**What you have to do**
From the first line to the last, return the data exactly, with no pictures.

**Source material**
▶

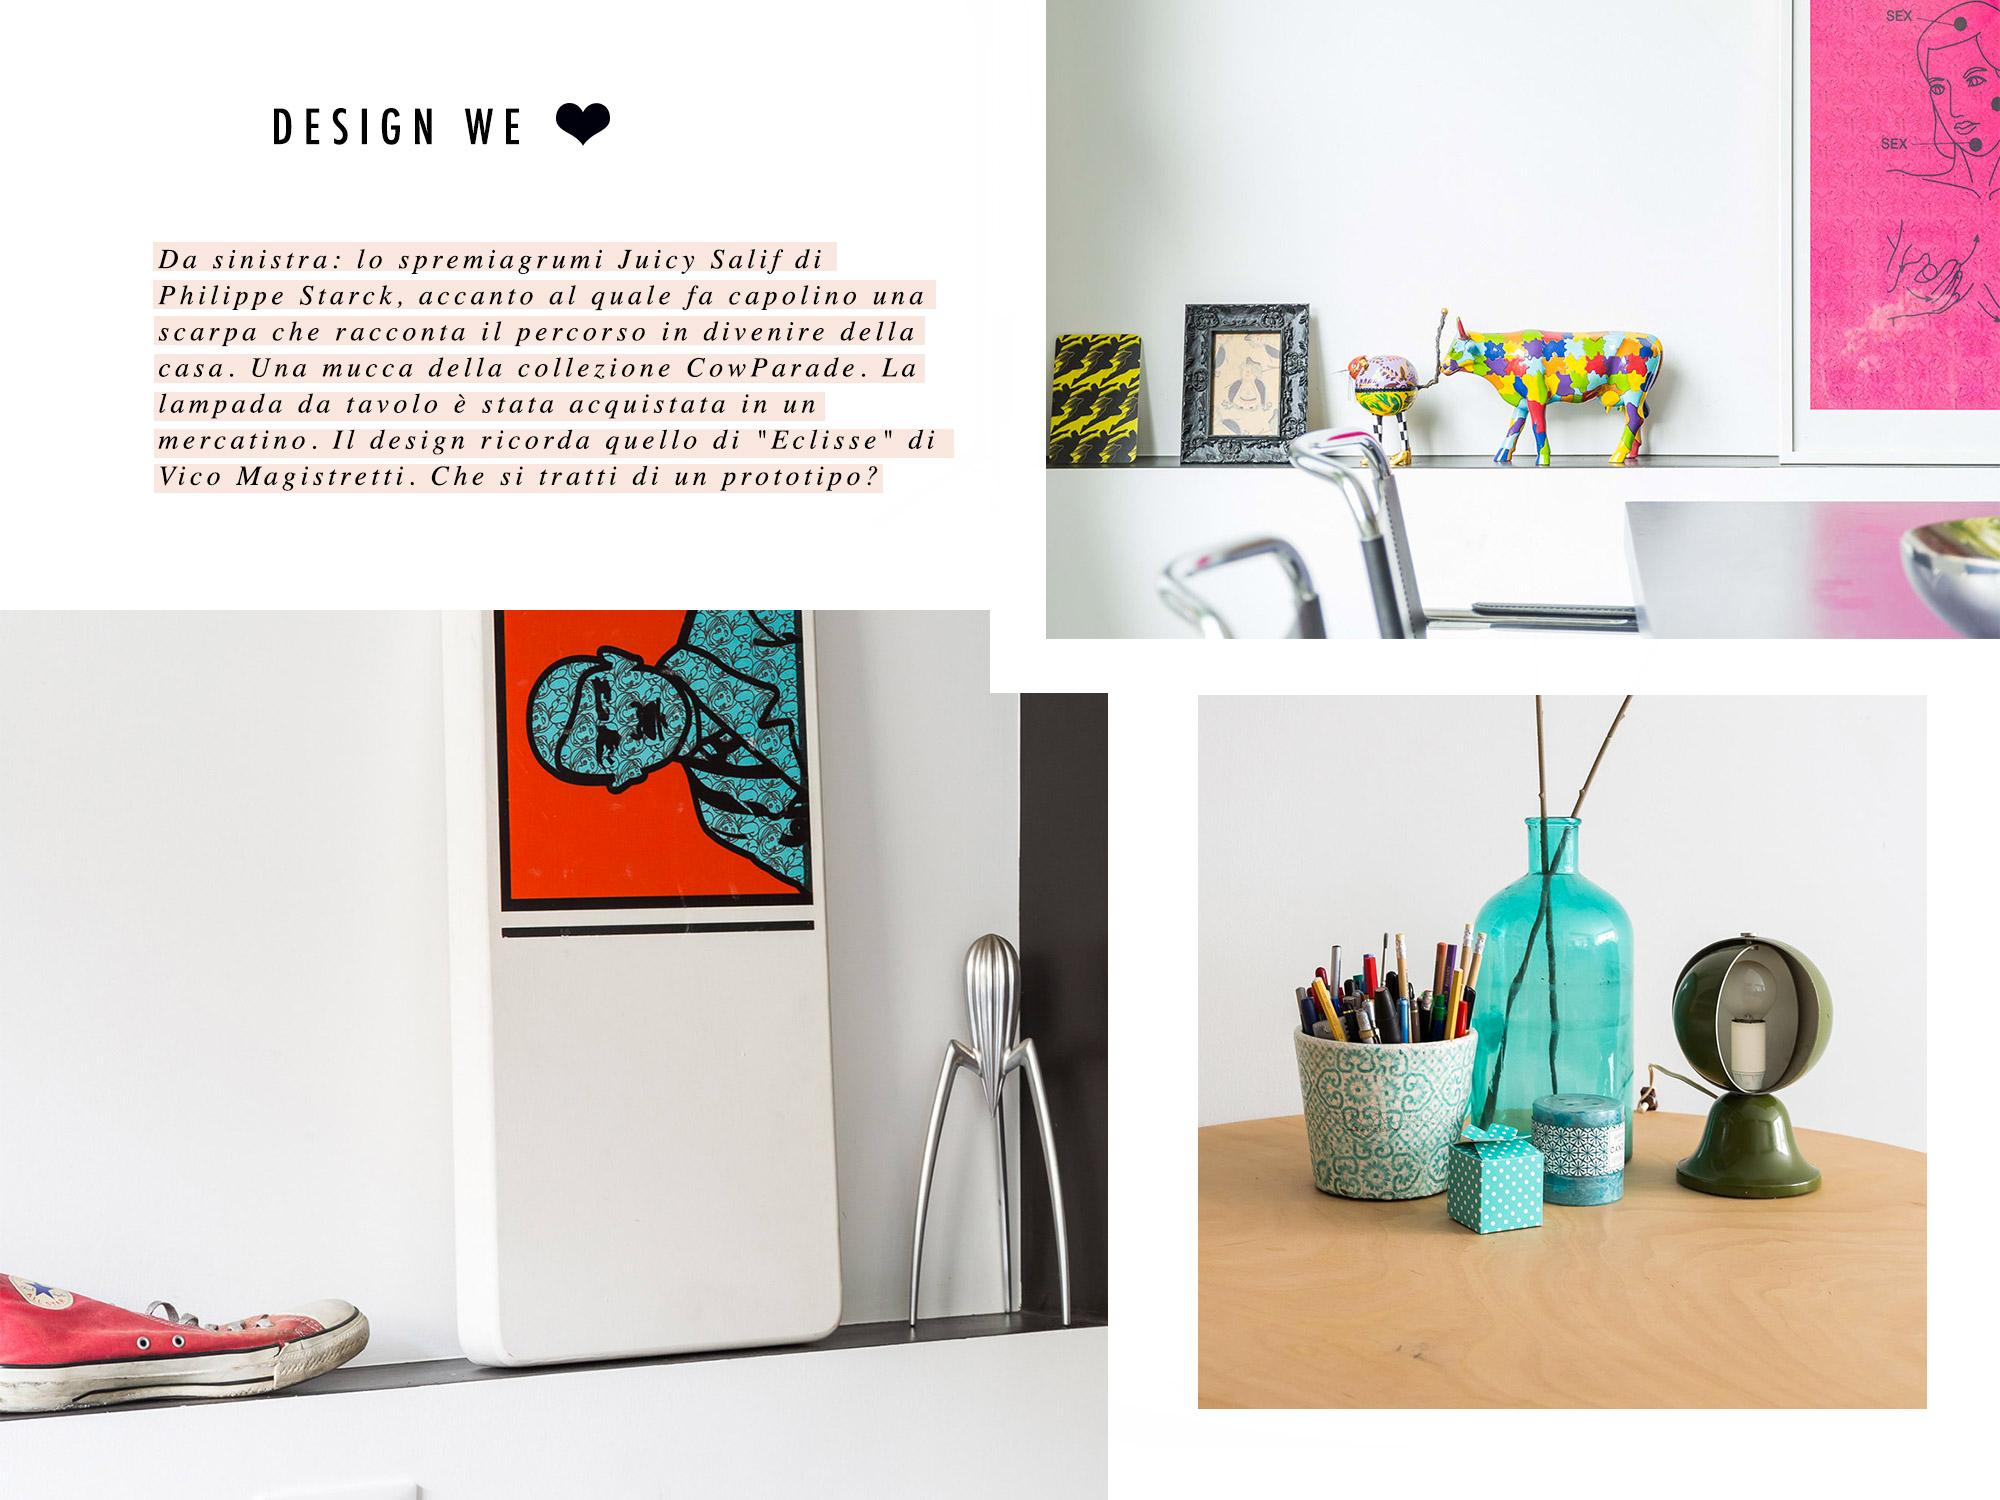 Casa Rustica Industrial, Casa, Design, Rustico, Industrial, Stefania Micotti, Matteo Dall'Amico
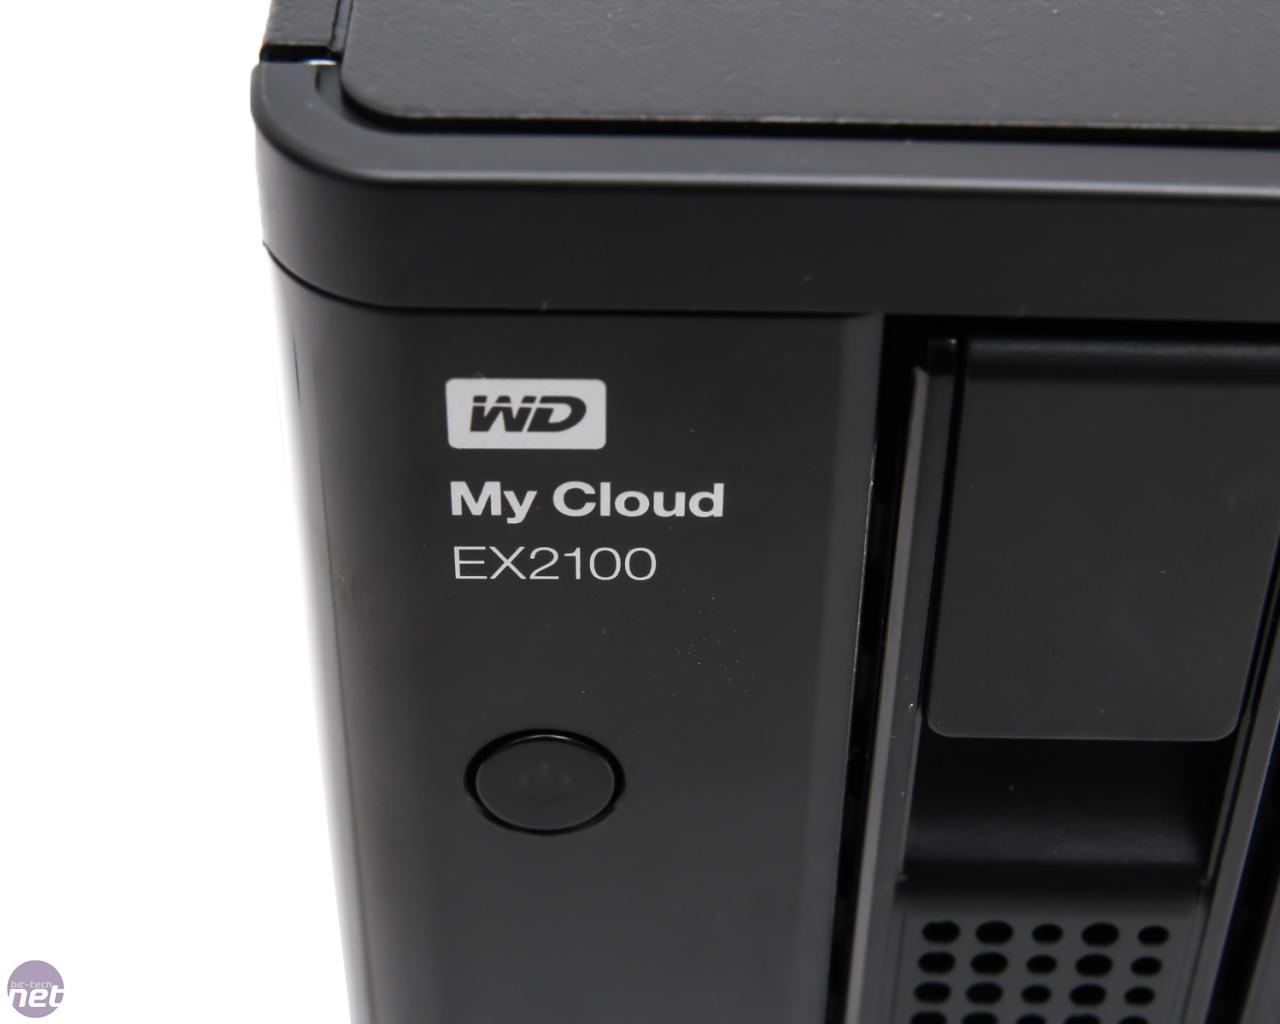 Western digital my cloud review : Furniture rental
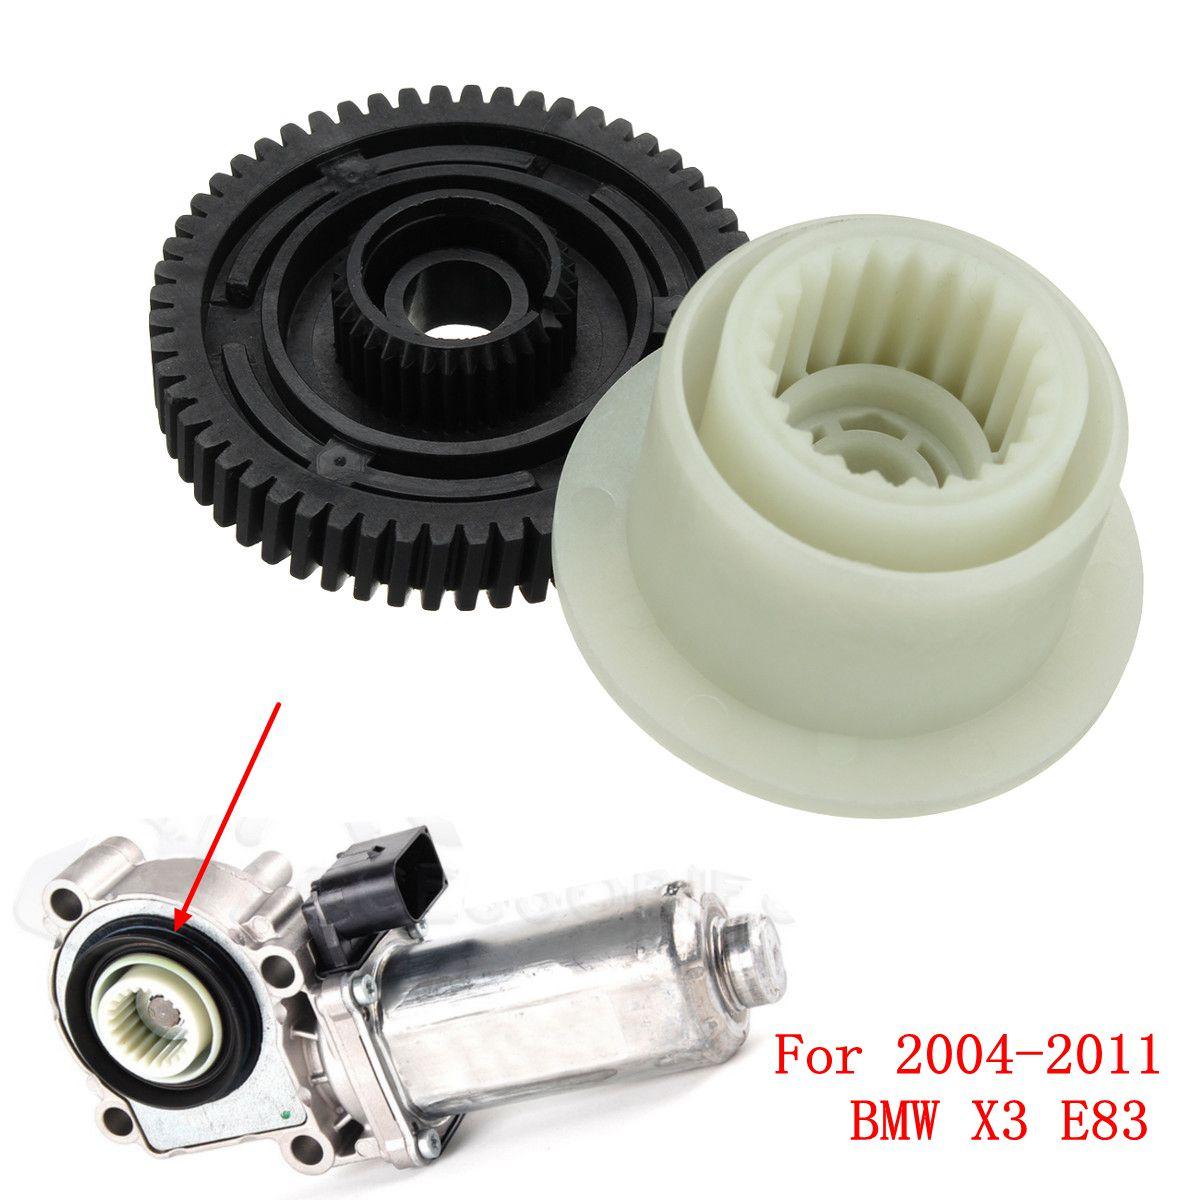 Комплект для ремонта мотора с сервоприводом для BMW X3 E83 2004-2011, 2 шт.

◀

**Response to this task**
 Casa Rustica Industrial, Casa, Design, Rustico, Industrial, Stefania Micotti, Matteo Dall'Amico
 Western digital my cloud review : Furniture rental
 Комплект для ремонта мотора с сервоприводом для BMW X3 E83 2004-2011, 2 шт.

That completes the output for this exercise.